We get the same trace as we got using the earlier approach. The dictionary passed to the `with_replay` method contains the values each operator needs to return indexed by its label. Now we are ready to create our training/validation data efficiently.

In [7]:
import tqdm
training_traces = []
validation_traces = []

#  First, the training data
for name, initials in tqdm.tqdm(zip(train_df.name, train_df.initials), total=train_df.shape[0]):
    choice_first, choice_last, _ = initials.split('.')
    replay_choices = {'first': [choice_first], 'last': [choice_last]}
    _, trace = get_initials.with_env(replay=replay_choices, tracing=True).call(name)
    training_traces.append(trace)
            
#  Now do the validation data
for name, initials in tqdm.tqdm(zip(valid_df.name, valid_df.initials), total=valid_df.shape[0]):
    choice_first, choice_last, _ = initials.split('.')
    replay_choices = {'first': [choice_first], 'last': [choice_last]}
    _, trace = get_initials.with_env(replay=replay_choices, tracing=True).call(name)
    validation_traces.append(trace)

100%|██████████| 100000/100000 [00:09<00:00, 10875.60it/s]
100%|██████████| 1000/1000 [00:00<00:00, 10398.90it/s]


### Defining the Model ###

We now define the neural network model that will guide the choices made by each of the select operators. We will use a simple Keras-based RNN model that takes in a string and outputs a single character.

In [8]:
import tensorflow as tf
import string
import numpy as np
from atlas.models.catalogue import Models

class SelectModel(Models.Keras):
    def __init__(self):
        super().__init__()

        characters = string.ascii_letters + '. '
        self.char_index = {c: idx for idx, c in enumerate(characters, 3)}
        self.char_index['<PAD>'] = 0
        self.char_index['<START>'] = 1
        self.char_index['<END>'] = 2
        self.inverse_char_index = {v: k for k, v in self.char_index.items()}
        self.max_length = 50

    def preprocess(self, data, mode='training'):
        if mode == 'training':
            inputs = [['<START>'] + list(i.domain) + ['<END>'] for i in data]
            inputs = [list(map(lambda x: self.char_index[x], i)) for i in inputs]
            inputs = tf.keras.preprocessing.sequence.pad_sequences(inputs, maxlen=self.max_length, padding='post',
                                                                   value=self.char_index['<PAD>'])
            labels = [self.char_index[i.choice] for i in data]
            return inputs, labels
        
        else:
            inputs = [['<START>'] + list(i) + ['<END>'] for i in data]
            inputs = [list(map(lambda x: self.char_index[x], i)) for i in inputs]
            inputs = tf.keras.preprocessing.sequence.pad_sequences(inputs, maxlen=self.max_length, padding='post',
                                                                   value=self.char_index['<PAD>'])
            return inputs

    def infer(self, domain, *args, **kwargs):
        probabilities = super().infer([domain])[0]
        char_predictions = np.argsort(probabilities)

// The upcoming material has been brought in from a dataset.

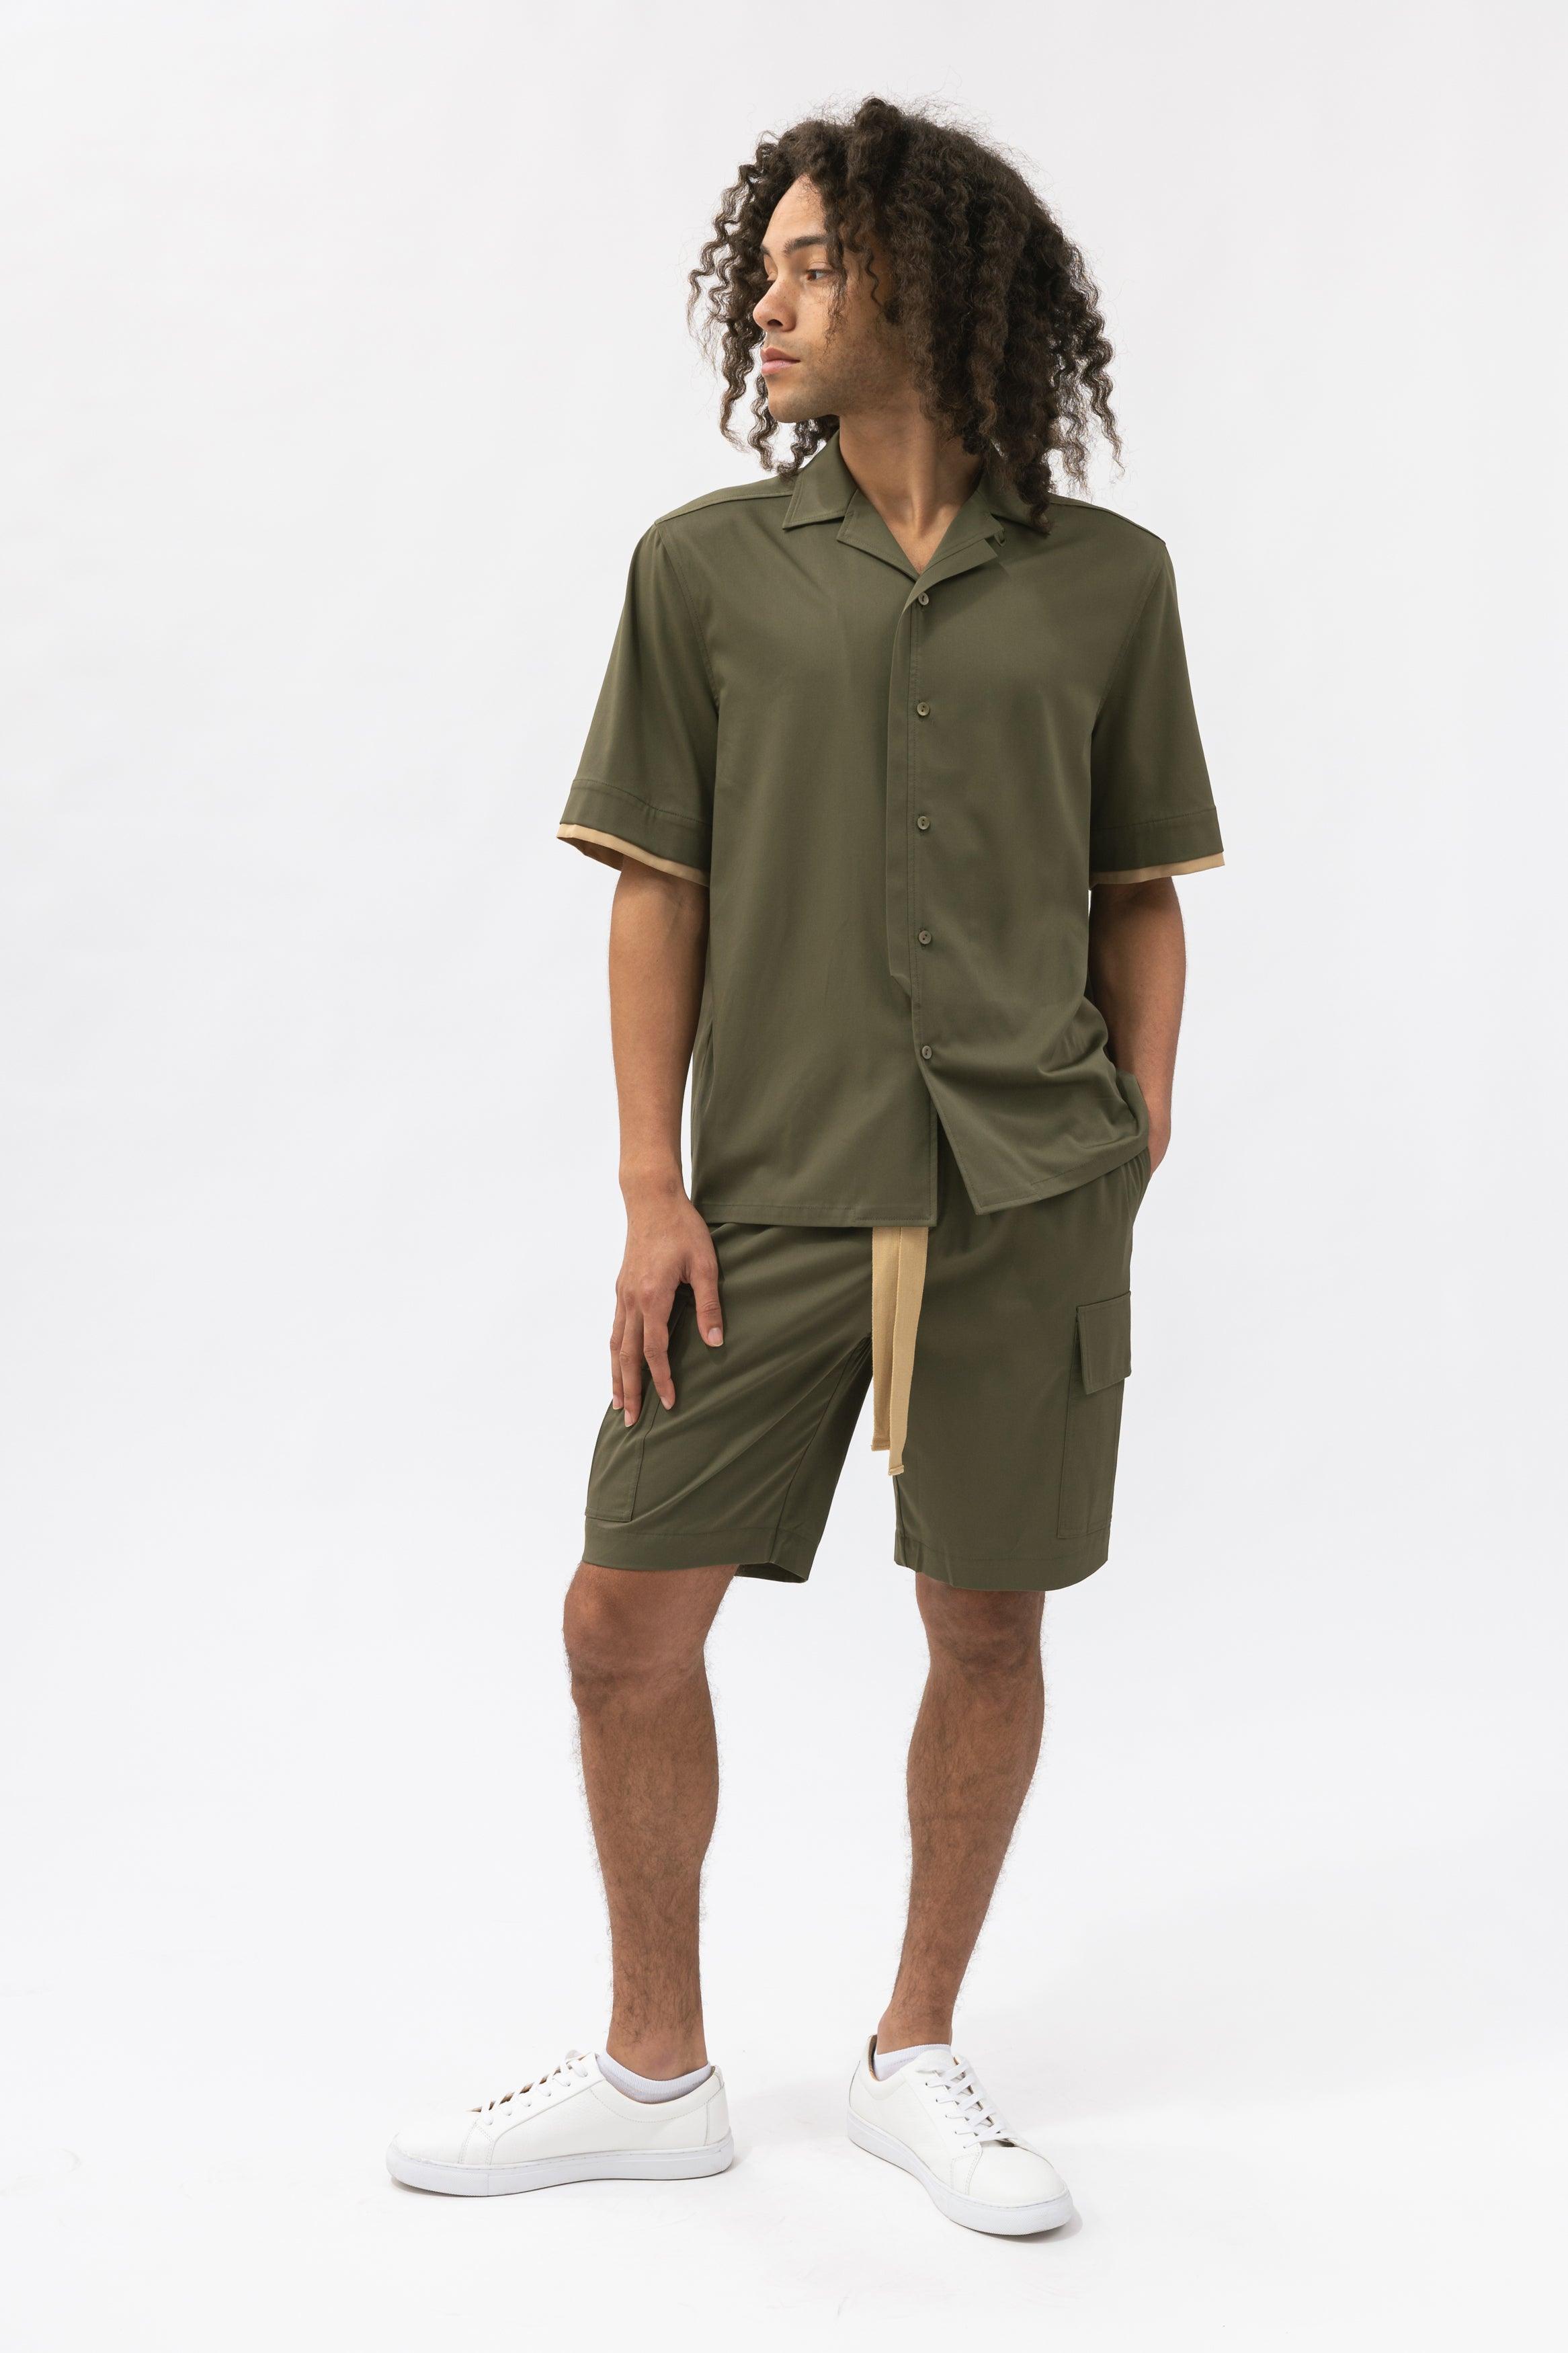 Men's Short Sleeve Safari Shirts | Mens Shirts | Not Labeled White x Navy / S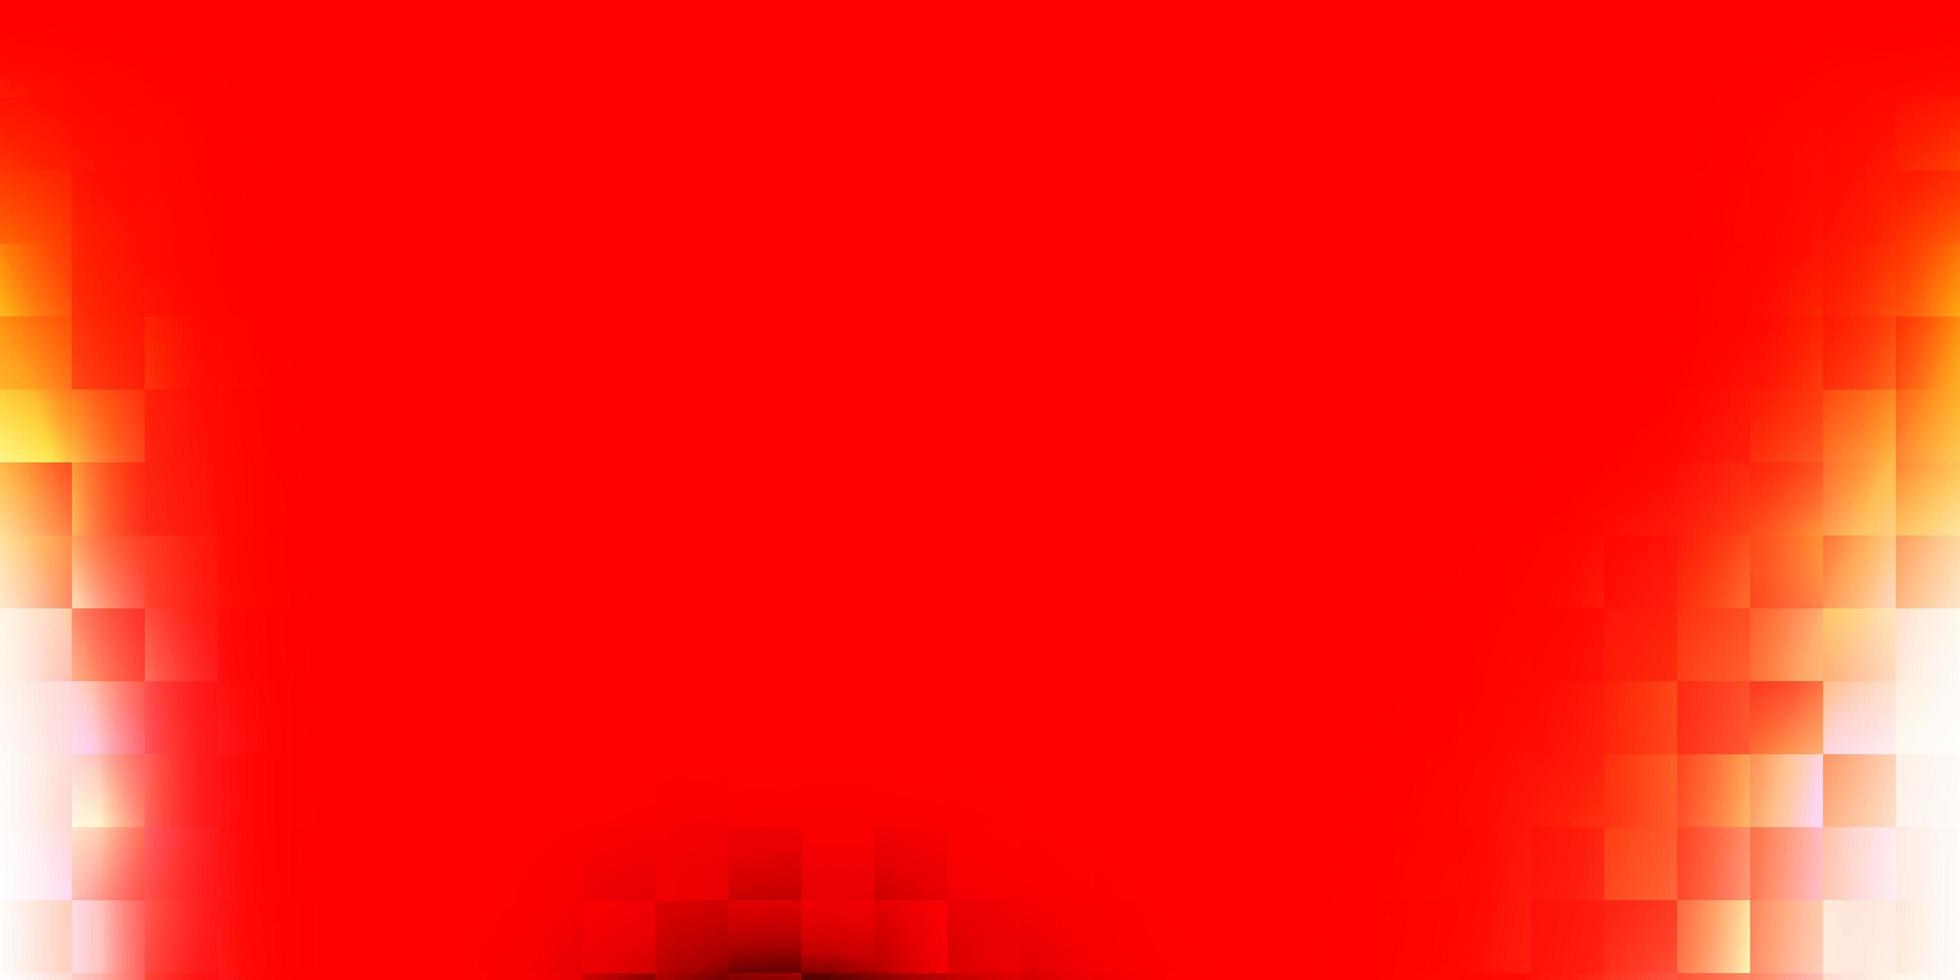 textura de vector rojo claro con formas de memphis.

        predictions = [self.inverse_char_index[i] for i in reversed(char_predictions)]
        return list(filter(lambda x: x in domain, predictions))

    def build(self):
        self.model = tf.keras.Sequential([
            tf.keras.layers.Embedding(len(self.char_index), 64),
            tf.keras.layers.Bidirectional(tf.keras.layers.LSTM(64)),
            tf.keras.layers.Dense(64, activation='relu'),
            tf.keras.layers.Dense(len(self.char_index), activation='softmax')
        ])

        self.model.compile(optimizer='adam',
                           loss='sparse_categorical_crossentropy',
                           metrics=['accuracy'])
        
class GetInitialsModel(Models.Generators.Imitation.IndependentOperators):
    @operator
    def Select(*args, **kwargs):
        return SelectModel()

In [9]:
from atlas.models.utils import save_model, restore_model
model = GetInitialsModel()
model.train(training_traces, validation_traces, num_epochs=1)

100%|██████████| 100000/100000 [00:00<00:00, 1115723.00it/s]
100%|██████████| 1000/1000 [00:00<00:00, 956948.21it/s]

[+] Training model for OpInfo(sid='/get_initials/Select@first@1', gen_name='get_initials', op_type='Select', index=1, gen_group=None, uid='first', tags=None)
Instructions for updating:
Colocations handled automatically by placer.





Train on 100000 samples, validate on 1000 samples
Epoch 00001: val_acc improved from -inf to 1.00000, saving model to /var/folders/s9/__w2d9dx2ljdx9qk865hh5qs559bh9/T/tmp0vzmsklz/model.h5
[+] Training model for OpInfo(sid='/get_initials/Select@last@2', gen_name='get_initials', op_type='Select', index=2, gen_group=None, uid='last', tags=None)
Train on 100000 samples, validate on 1000 samples
Epoch 00001: val_acc improved from -inf to 0.98500, saving model to /var/folders/s9/__w2d9dx2ljdx9qk865hh5qs559bh9/T/tmpkq6gvod_/model.h5


In [10]:
save_model(model, './trained_model.zip')

In [11]:
model = restore_model("./trained_model.zip") 
get_initials.set_default_model(model)

In [12]:
import itertools
list(itertools.islice(get_initials.generate('Miss Caroline Lemieux'), 5))

['C.L.', 'C.C.', 'C.n.', 'C.M.', 'C.r.']

An interesting by-product of our approach of combining known constraints with models is that we can edit the constraints and reuse the models without retraining.

In [13]:
@generator
def get_initials(name: str):
    #  Initial corresponding to the first name
    first_initial = Select(name)
    #  Initial corresponding to the last name
    last_initial = Select(name)
    #  Combine the two
    return f"Initials - {first_initial}.{last_initial}"

get_initials.set_default_model(model)

In [14]:
list(itertools.islice(get_initials.generate('Ms. Caroline Lemieux'), 5))\

['Initials - C.L',
 'Initials - C.C',
 'Initials - C.n',
 'Initials - C.M',
 'Initials - C.r']